But Kahneman's and Tversky's experiments contradicted Utility Theory. When faced with a gain, about 85 percent of people chose the sure smaller gain over the risky larger gain. But when faced with a loss, about 70 percent chose the risky larger loss over the sure smaller loss.
This experiment, repeated again and again by many researchers, across ages, genders, cultures and even species, rocked economics, yielded the same result. Directly contradicting the traditional idea of "economic man," Prospect Theory recognizes that people have subjective values for gains and losses. We have evolved a cognitive bias: a pair of heuristics. One, a sure gain is better than a chance at a greater gain, or "A bird in the hand is worth two in the bush." And two, a sure loss is worse than a chance at a greater loss, or "Run away and live to fight another day." Of course, these are not rigid rules. Only a fool would take a sure $100 over a 50 percent chance at $1,000,000. But all things being equal, we tend to be risk-averse when it comes to gains and risk-seeking when it comes to losses.

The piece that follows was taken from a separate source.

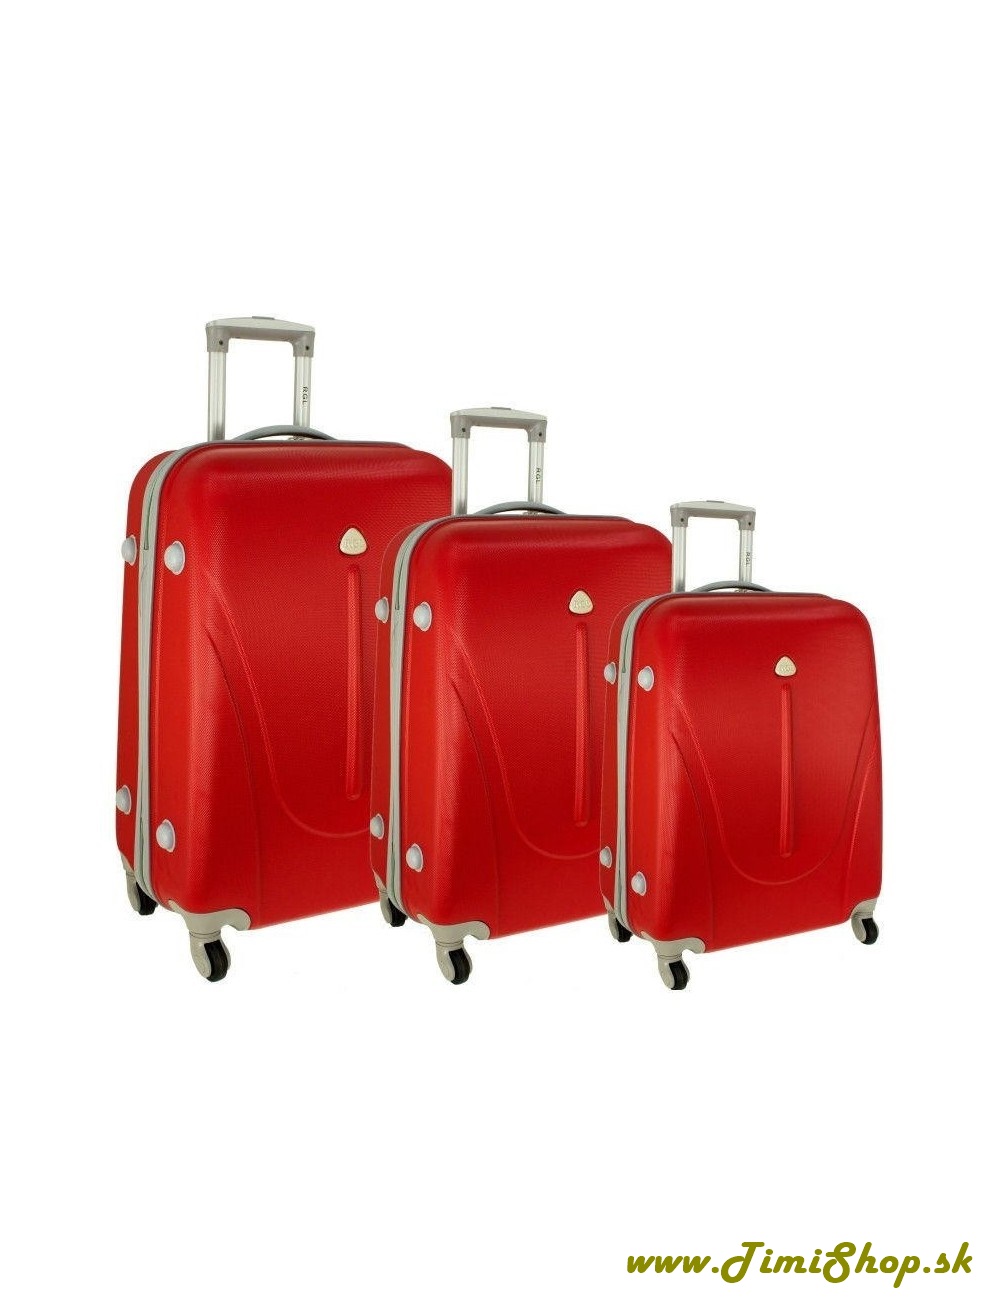 Sada cestovných kufrov 3v1 XXL, XL, L - Červena

This cognitive bias is so powerful that it can lead to logically inconsistent results. Google the "Asian Disease Experiment" for an almost surreal example. Describing the same policy choice in different ways--either as "200 lives saved out of 600" or "400 lives lost out of 600"-- yields wildly different risk reactions.
Evolutionarily, the bias makes sense. It's a better survival strategy to accept small gains rather than risk them for larger ones, and to risk larger losses rather than accept smaller losses. Lions, for example, chase young or wounded wildebeests because the investment needed to kill them is lower. Mature and healthy prey would probably be more nutritious, but there's a risk of missing lunch entirely if it gets away. And a small meal will tide the lion over until another day. Getting through today is more important than the possibility of having food tomorrow. Similarly, it is better to risk a larger loss than to accept a smaller loss. Because animals tend to live on the razor's edge between starvation and reproduction, any loss of food -- whether small or large -- can be equally bad. Because both can result in death, and the best option is to risk everything for the chance at no loss at all.
How does Prospect Theory explain the difficulty of selling the prevention of a security breach? It's a choice between a small sure loss -- the cost of the security product -- and a large risky loss: for example, the results of an attack on one's network. Of course there's a lot more to the sale. The buyer has to be convinced that the product works, and he has to understand the threats against him and the risk that something bad will happen. But all things being equal, buyers would rather take the chance that the attack won't happen than suffer the sure loss that comes from purchasing the security product.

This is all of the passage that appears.